What Smaller Schools Can Take From These Experiences
The major Swiss universities have resources smaller schools don't: legal departments, pedagogical development units, budget for pilot projects. Even so, the core recommendations translate:
- Start with a clear taxonomy (e.g., UZH's five-level model), not with a tool.
- Invest in faculty education before investing in detectors.
- Combine manual and automated detection. Neither alone is enough.
- Choose data protection compliant tools. In Switzerland that means Swiss servers, revFADP-compliant, ideally with legal opinion on record.
- Introduce oral components wherever organizationally feasible.
- Document your decisions in writing. A clear policy protects both teachers and students.
Conclusion
Swiss universities did not respond to the AI surge with panic but with a characteristically Swiss blend of pragmatism, federalism, and institutional patience. No central detector mandate, no blanket surveillance — but a growing clarity about what's allowed, what must be disclosed, and how integrity can still be secured in a world of generative AI.
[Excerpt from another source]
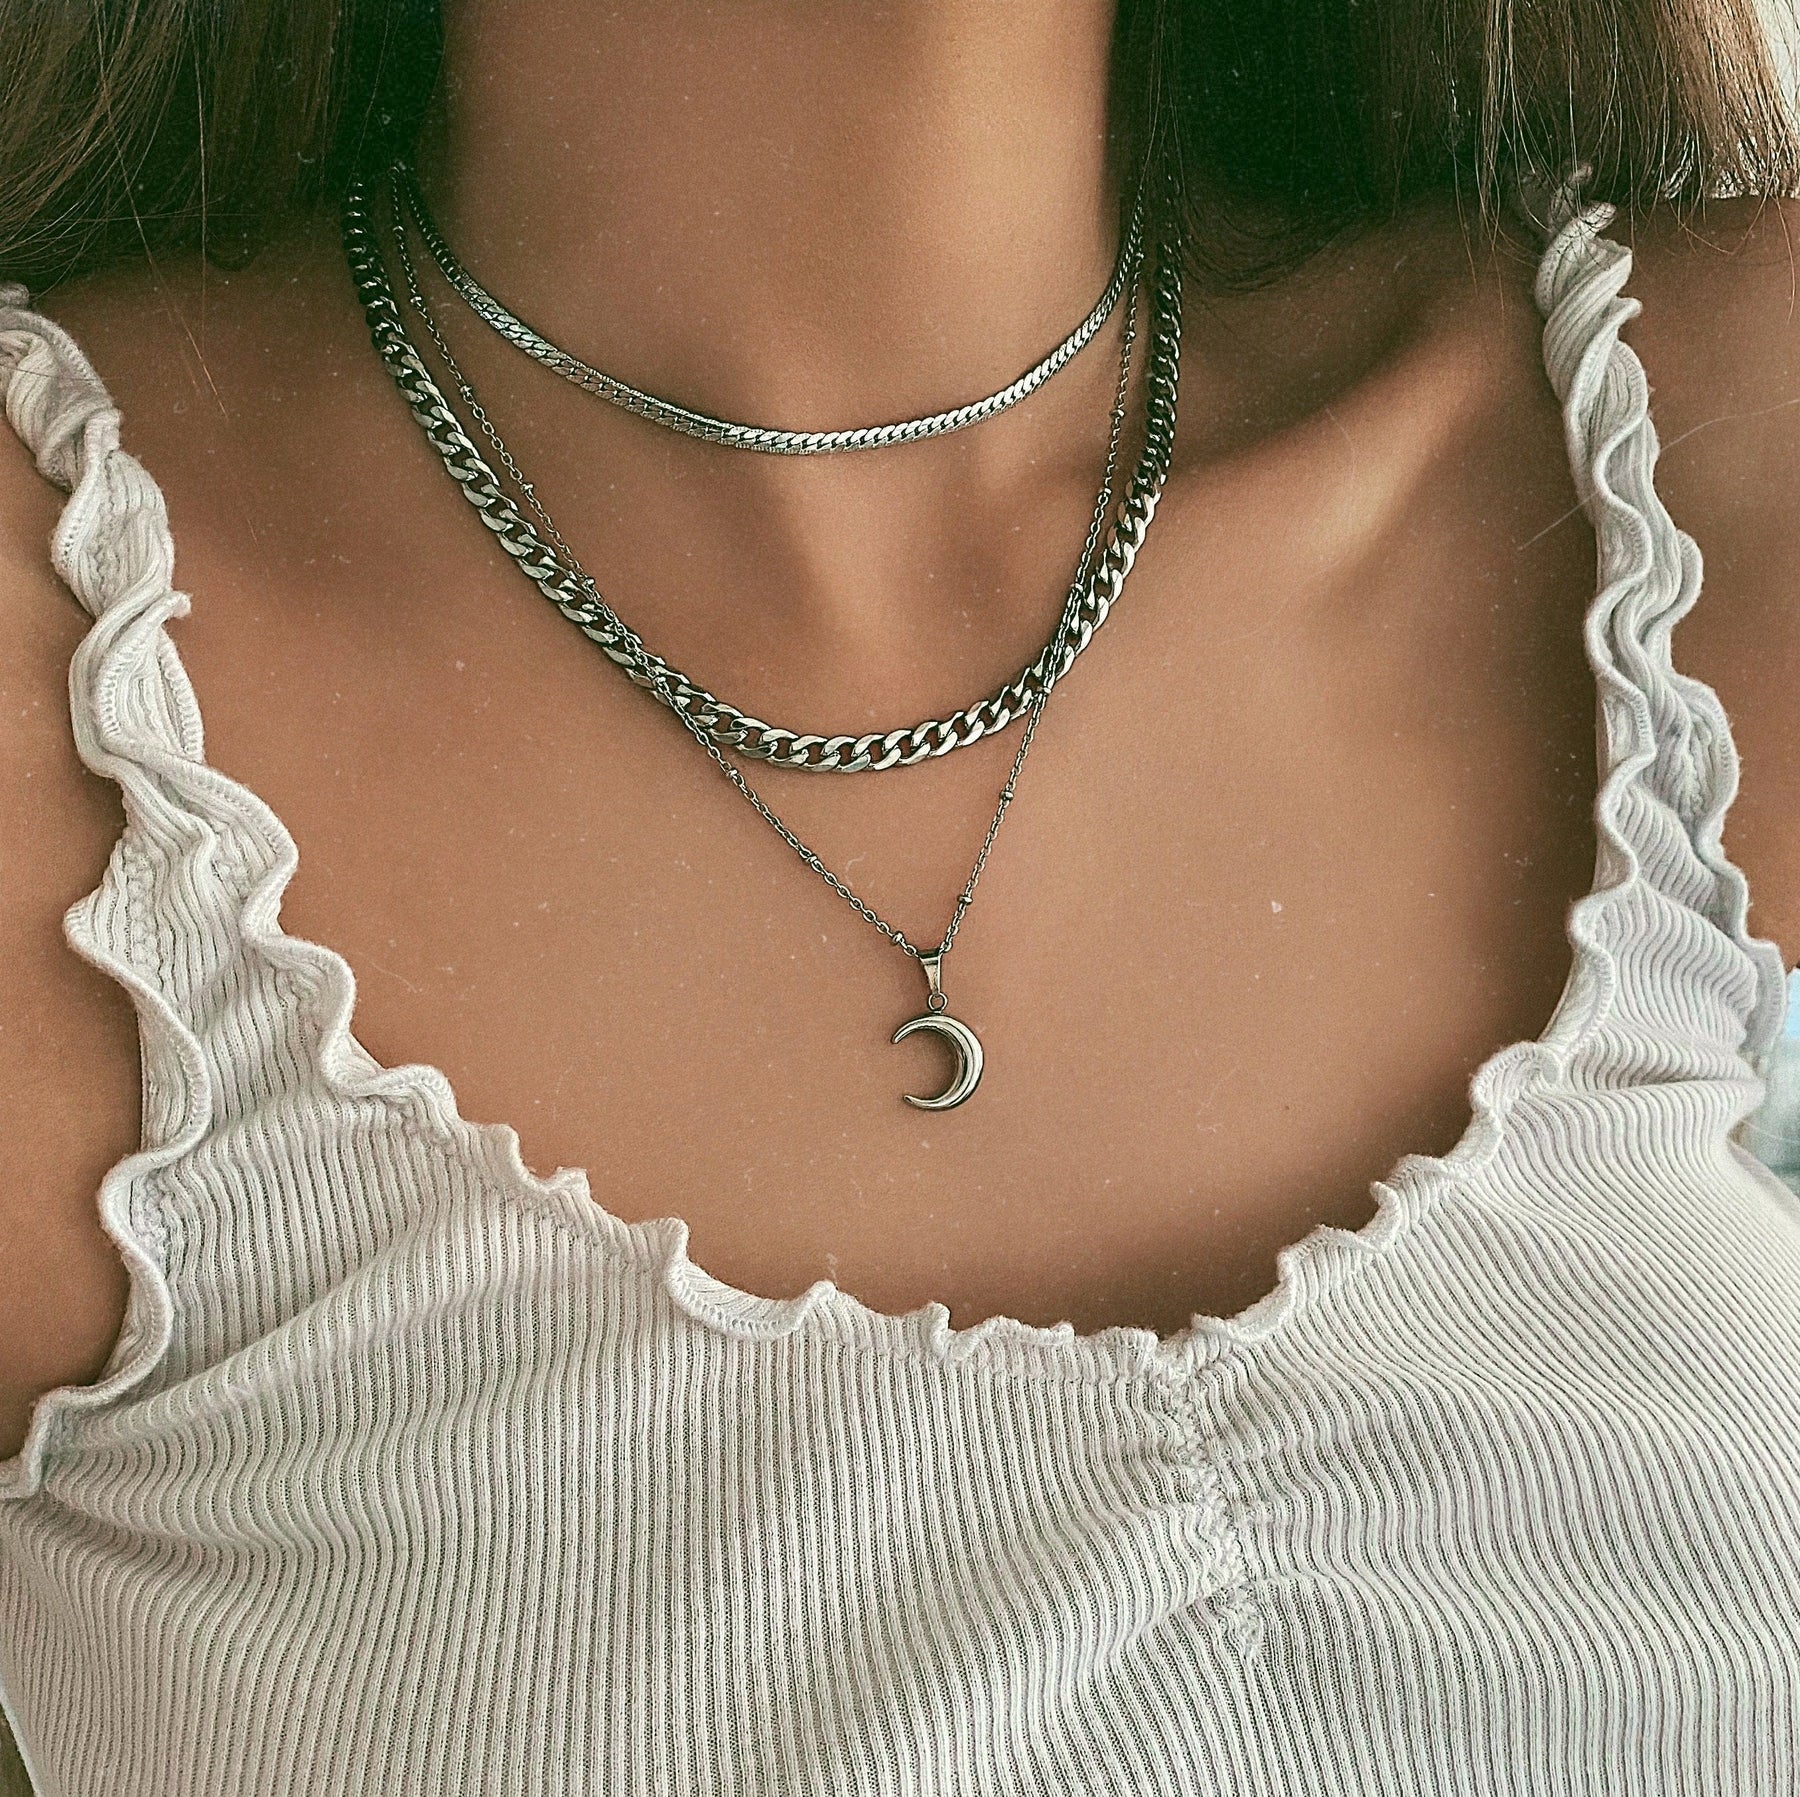 BohoMoon Stainless Steel Amalfi Chain Necklace

For faculty and administrators at smaller educational institutions, the message is: you don't have to reinvent the wheel. Switzerland's big universities have done valuable groundwork — use it.
Sources
- ETH Zurich, Rectorate: Statements on AI in teaching, 2023–2025.
- EPFL, "Guidelines on the Use of Generative AI in Teaching and Learning," 2024.
- University of Zurich, Working Group "AI in Teaching and Research," Final Report 2024.
- University of Bern, Guidelines on AI Use in Written Work, 2024.
- UNIL, "Charter for the Responsible Use of Generative AI," 2024.
- swissuniversities, Recommendations on AI in Higher Education Teaching, 2024.